Kroos mag Weltmeister sein. Die Champions League fünf mal gewonnen haben. Aber was ist das schon im Vergleich zu einem 54 Jahre alten Cheerleader mit der Ambition zum Chef-Analysten? Blöd nur, dass es Kroos einen Ticken anders aussieht: „Du hattest jetzt 90 Minuten Zeit, dir vernünftige Fragen zu überlegen. Und jetzt stellst du mir zwei solche Scheiß-Fragen. Das finde ich Wahnsinn!“, hält er dagegen und verschwindet aus dem Bild. Von hinten ruft er dann Kaben noch hinterher, dass man an dessen negativer Einstellung seine deutsche Herkunft erkennen könne. Wham.

An negativer Einstellung deutsche Herkunft erkennen

Und nun? ZDF-Sportchef Thomas Fuhrmann stellt sich vor Kaben: Der hätte etwas bei den Emotionen bleiben können, bevor er analytisch frage. Aber die Fragen seien schon berechtigt gewesen. Grundsätzlich. Um das mal zu übersetzen: Er stellt sich vor seinen Mitarbeiter, weil das halt seine Rolle als Sportchef ist, aber es gibt eine gewisse Chance, dass beim nächsten wichtigen Spiel ein anderer Cheerleader das Mikro in der Hand hält.

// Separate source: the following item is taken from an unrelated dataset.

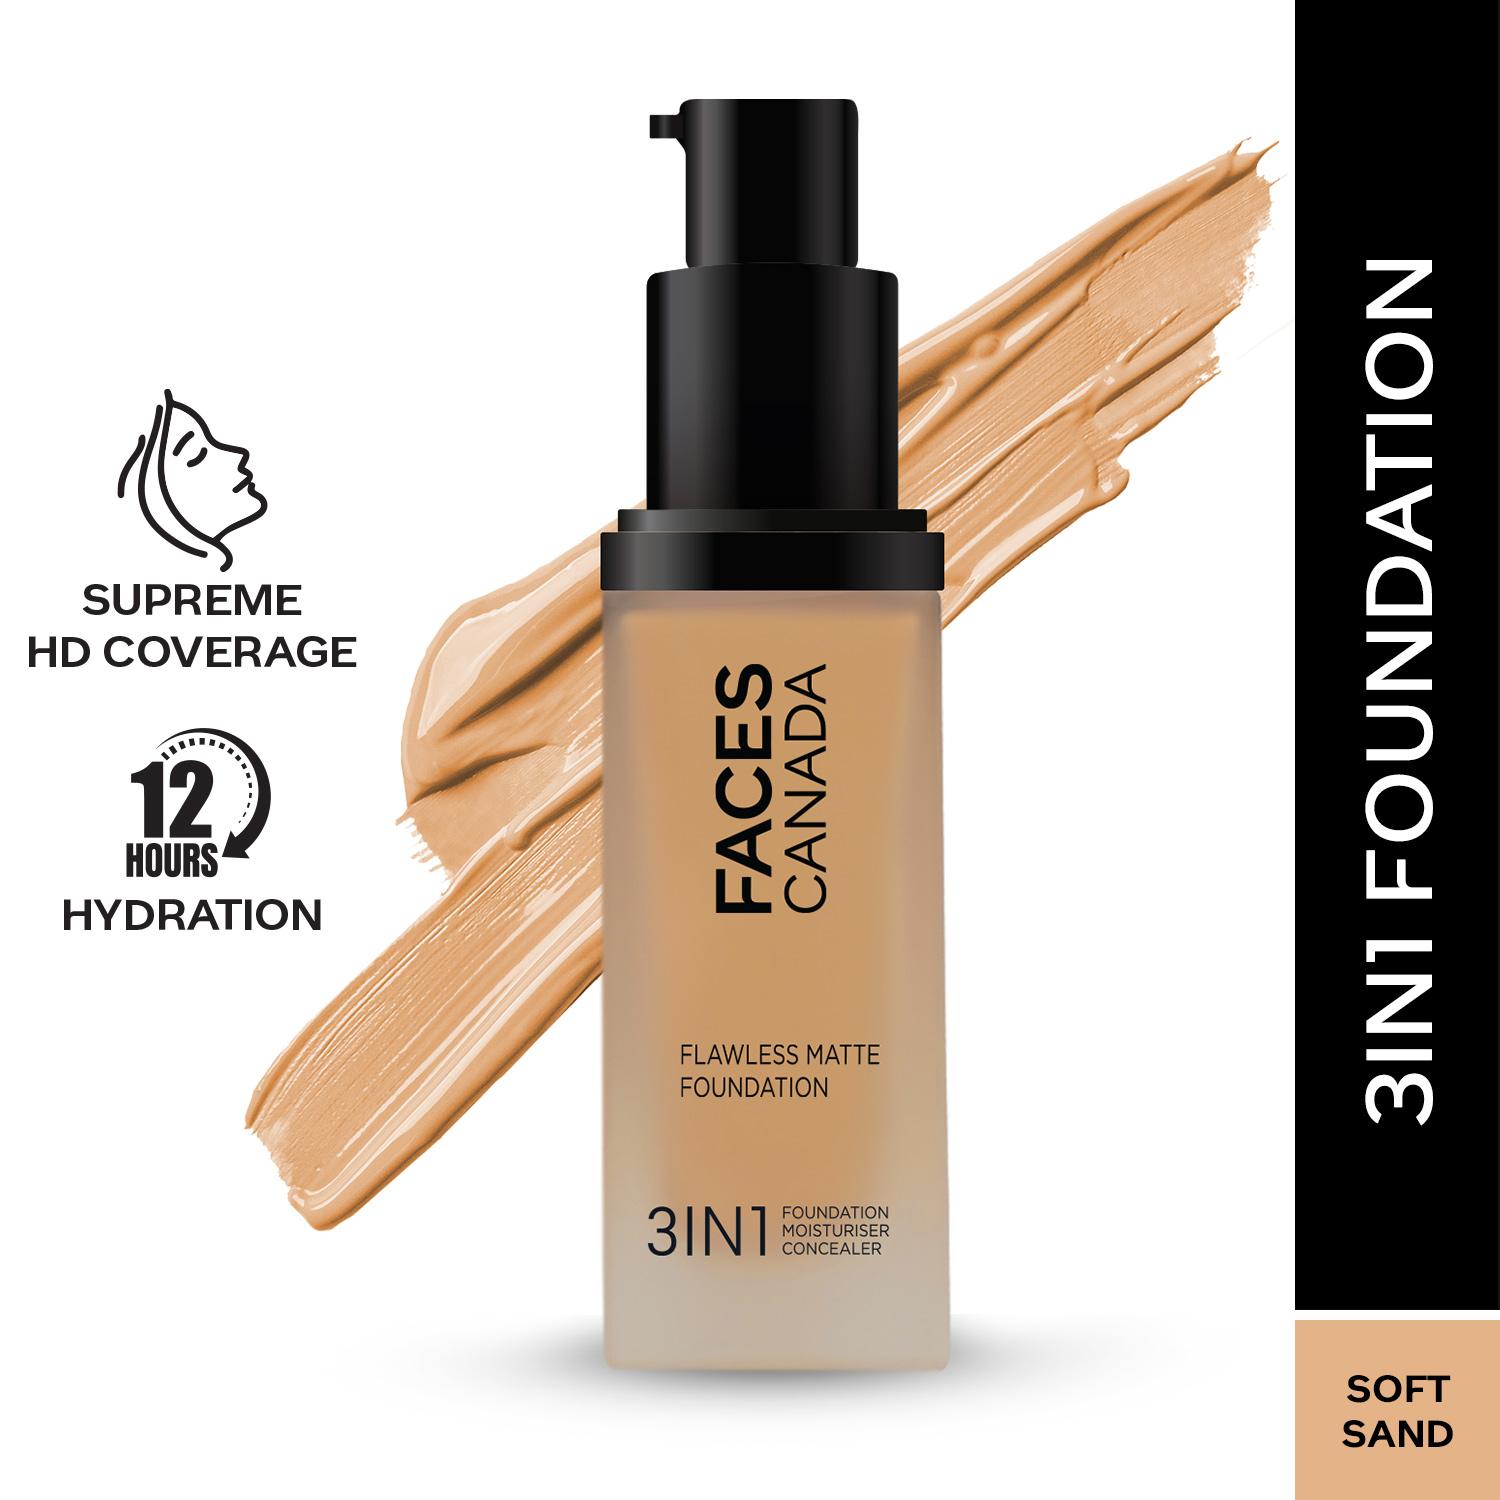 Faces Canada | Faces Canada Flawless Matte Foundation - Soft Sand 041, 12 HR Hydration + SPF 18 (30 ml)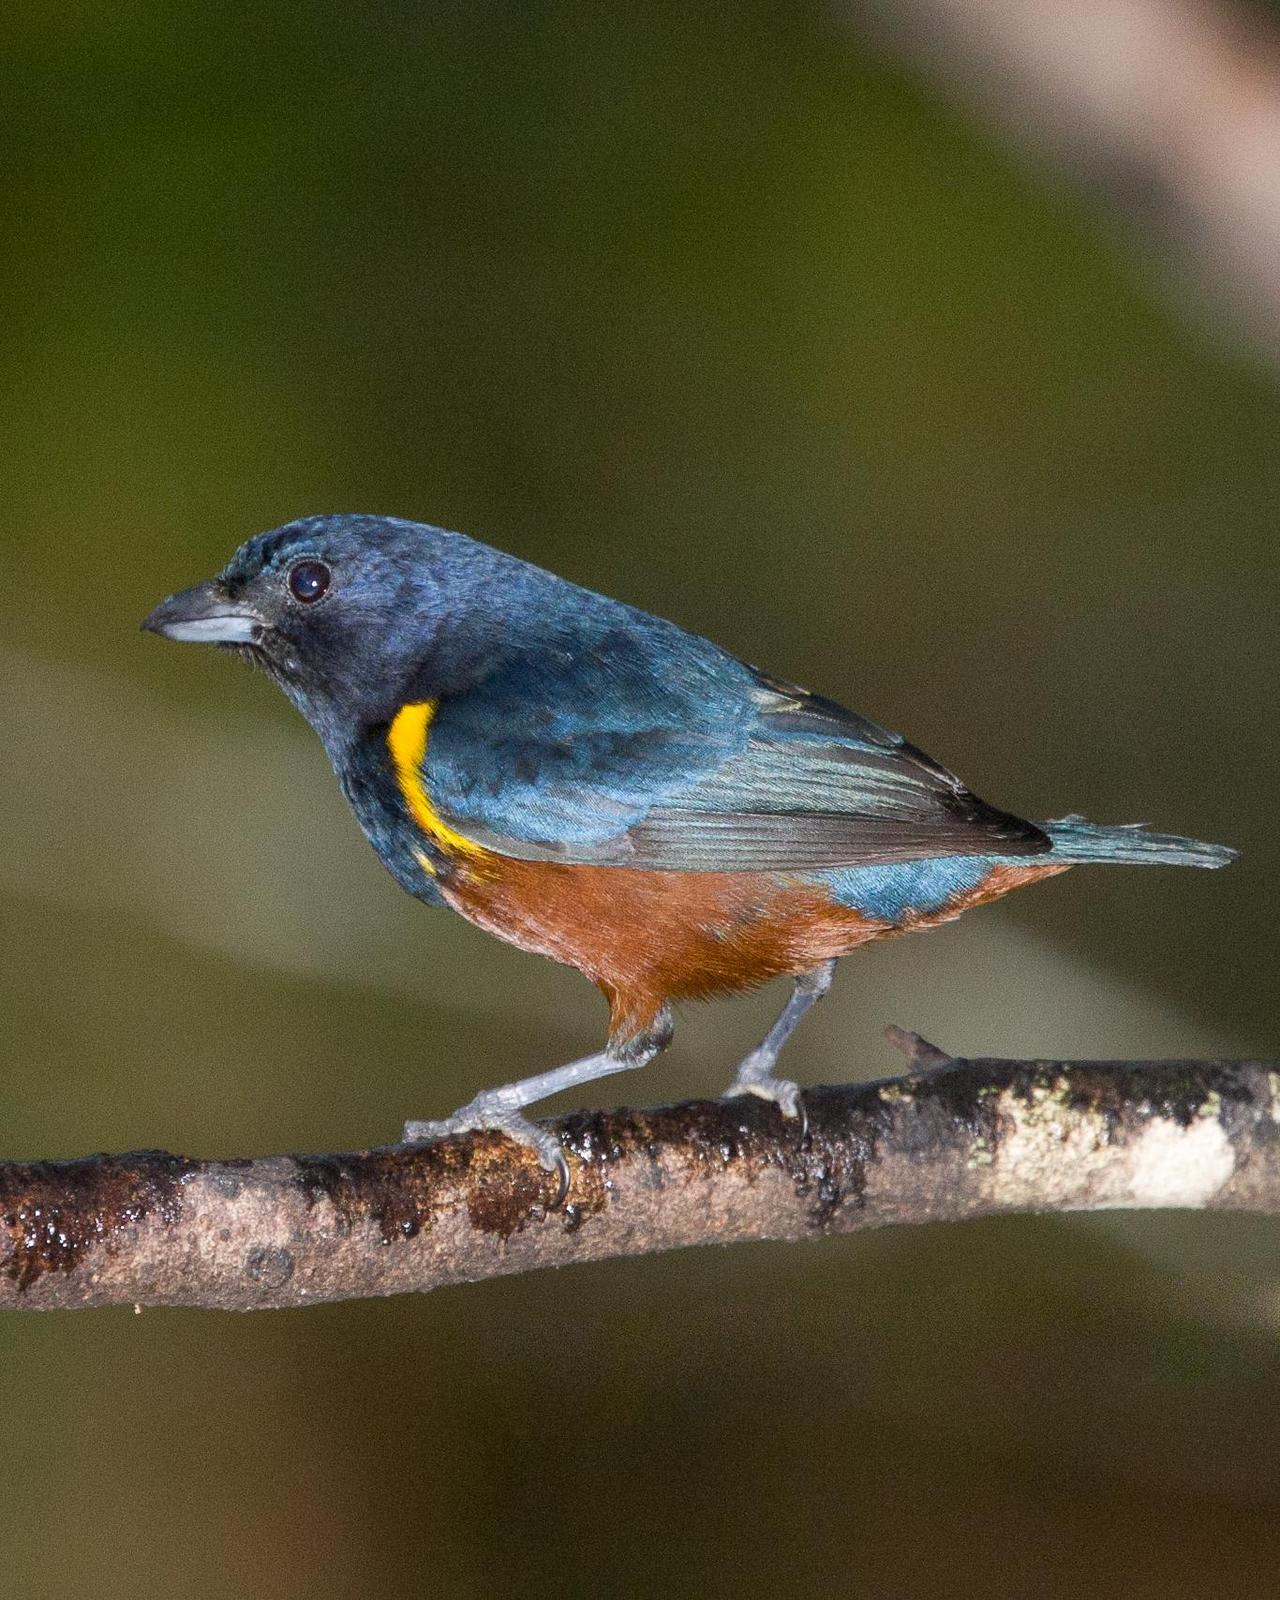 Chestnut-bellied Euphonia Photo by Robert Lewis

Ansonsten versucht das ZDF, den Ball flach zu halten: In der Sportstudio-Reportage geht der Sender noch mal ausführlich auf das Finale ein. Der Zwist des eigenen Mannes mit dem Spielmacher des Siegers bleibt aber unerwähnt. Auf letzteren ist das ZDF sauer. Was den Weltmeister und fünffachen CL-Sieger schwer treffen wird. Falls er gehofft haben sollte, sich nach seiner Zeit als Fußball-Millionär was im Fernsehgarten dazu zu verdienen, dürfte das jetzt vorbei sein. Die lustigen Live-Spielchen muss jetzt wer anderes machen.

Kopf hoch. Lebbe geht weider. Stepanovic wurde nach seiner Entlassung in Frankfurt Trainer in Leverkusen und gewann mit denen den Pokal, aus dem er zuvor mit Frankfurt ausgeschieden war. Das berühmte Zitat war noch nicht einmal neu. Er hatte es schon gebracht, als er mit Frankfurt 1992 am letzten Spieltag eine Meisterschaft verlor, die nicht mehr verlierbar schien. Aber für ein Interview mit einem Feldreporter tut’s auch was Gebrauchtes. Wer 1993 der Feldreporter war? Wen interessiert’s – irgendein Cheerleader mit Mikro in der Hand.